Cubic NLW/NLKG: Difference between revisions

The cubic nonlinear wave and Klein-Gordon equations have been studied on R, on R^2, and on R^3.

Exact solutions

This kind of equation displays a class of solutions with a peculiar dispersion relation. To show explicitly this, let us consider the massless equation

${\displaystyle -\Box \phi +\lambda \phi ^{3}=0}$

being ${\displaystyle \,\lambda >0\!}$. An exact solution of this equation is given by

${\displaystyle \phi (x)=\pm \mu \left({\frac {2}{\lambda }}\right)^{1 \over 4}{\rm {sn}}(p\cdot x+\theta ,i),}$

being ${\displaystyle \,{\rm {sn\!}}}$ a Jacobi elliptic function and ${\displaystyle \,\mu ,\theta \!}$ two integration constants, and the following dispersion relation holds

${\displaystyle p^{2}=\mu ^{2}\left({\frac {\lambda }{2}}\right)^{1 \over 2}.}$

We see that we started with an equation without a mass term but the exact solution describes a wave with a dispersion relation proper to a massive solution. This can be seen as the superposition of an infinite number of massive linear waves through a Fourier series of the Jacobi function, that is

${\displaystyle \phi (t,0)=\pm \mu \left({\frac {2}{\lambda }}\right)^{1 \over 4}\sum _{n=0}^{\infty }(-1)^{n}{\frac {2\pi }{K(i)}}{\frac {e^{\left(n+{1 \over 2}\right)\pi }}{1+e^{-(2n+1)\pi }}}\sin \left((2n+1){\frac {\pi }{2K(i)}}\left({\frac {\lambda }{2}}\right)^{1 \over 4}\mu t\right)}$

being ${\displaystyle K(i)}$ an elliptic integral. We recognize the "spectrum"

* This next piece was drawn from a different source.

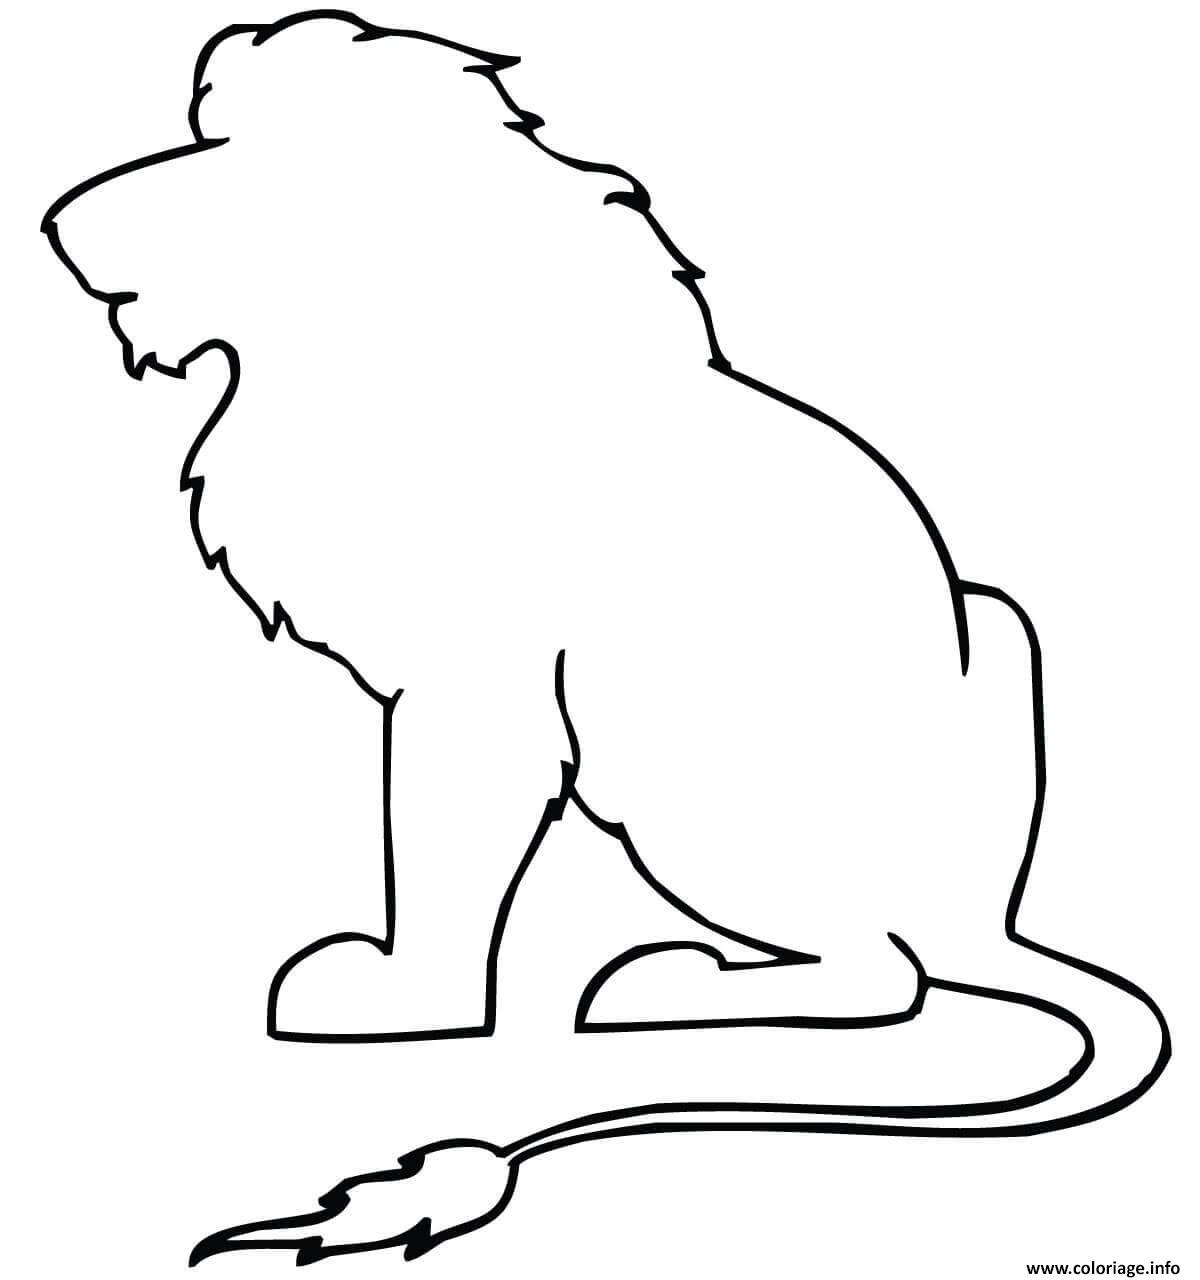 Dessin sitting lion outline Coloriage Gratuit à Imprimer

${\displaystyle m_{n}=(2n+1){\frac {\pi }{2K(i)}}\left({\frac {\lambda }{2}}\right)^{1 \over 4}\mu .}$

But a meaning as a mass spectrum can only be given within a quantum field theory FraB2006.

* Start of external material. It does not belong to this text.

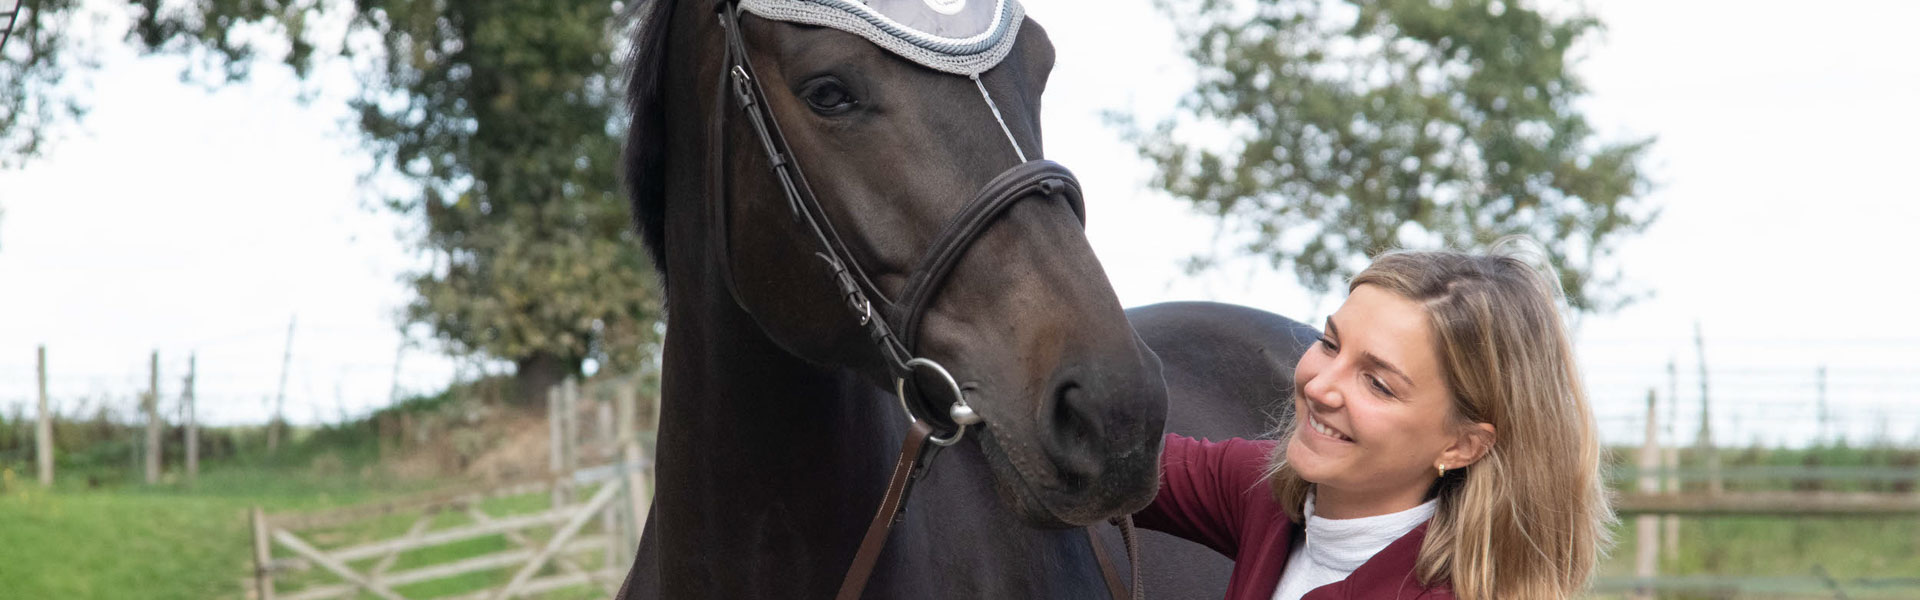 attacher bonnet cheval equitation correctement remonte gêne bouge oreille

Similarly, when there is a mass term as in

${\displaystyle -\Box \phi +\mu _{0}^{2}\phi +\lambda \phi ^{3}=0}$

the exact solution is given by

${\displaystyle \phi (x)=\pm {\sqrt {\frac {2\mu ^{4}}{\mu _{0}^{2}+{\sqrt {\mu _{0}^{4}+2\lambda \mu ^{4}}}}}}{\rm {sn}}\left(p\cdot x+\theta ,{\sqrt {\frac {-\mu _{0}^{2}+{\sqrt {\mu _{0}^{4}+2\lambda \mu ^{4}}}}{-\mu _{0}^{2}-{\sqrt {\mu _{0}^{4}+2\lambda \mu ^{4}}}}}}\right)}$

being now the dispersion relation

${\displaystyle p^{2}=\mu _{0}^{2}+{\frac {\lambda \mu ^{4}}{\mu _{0}^{2}+{\sqrt {\mu _{0}^{4}+2\lambda \mu ^{4}}}}}.}$

Finally, we can write down the exact solution for the case

${\displaystyle -\Box \phi -\mu _{0}^{2}\phi +\lambda \phi ^{3}=0}$

that is given by

${\displaystyle \phi (x)=\pm v\cdot {\rm {dn}}(p\cdot x+\theta ,i),}$

being ${\displaystyle v={\sqrt {\frac {2\mu _{0}^{2}}{3\lambda }}}}$ and the following dispersion relation holds

${\displaystyle p^{2}={\frac {\lambda v^{2}}{2}}.}$

These wave solutions are interesting as, notwithstanding we started with an equation with a wrong mass sign, the dispersion relation has the right one. Besides, Jacobi function ${\displaystyle \,{\rm {dn}}\!}$ has no real zeros and so the field is never zero but moves around a given constant value that is initially chosen. This effect is known as spontaneous breaking of symmetry in physics.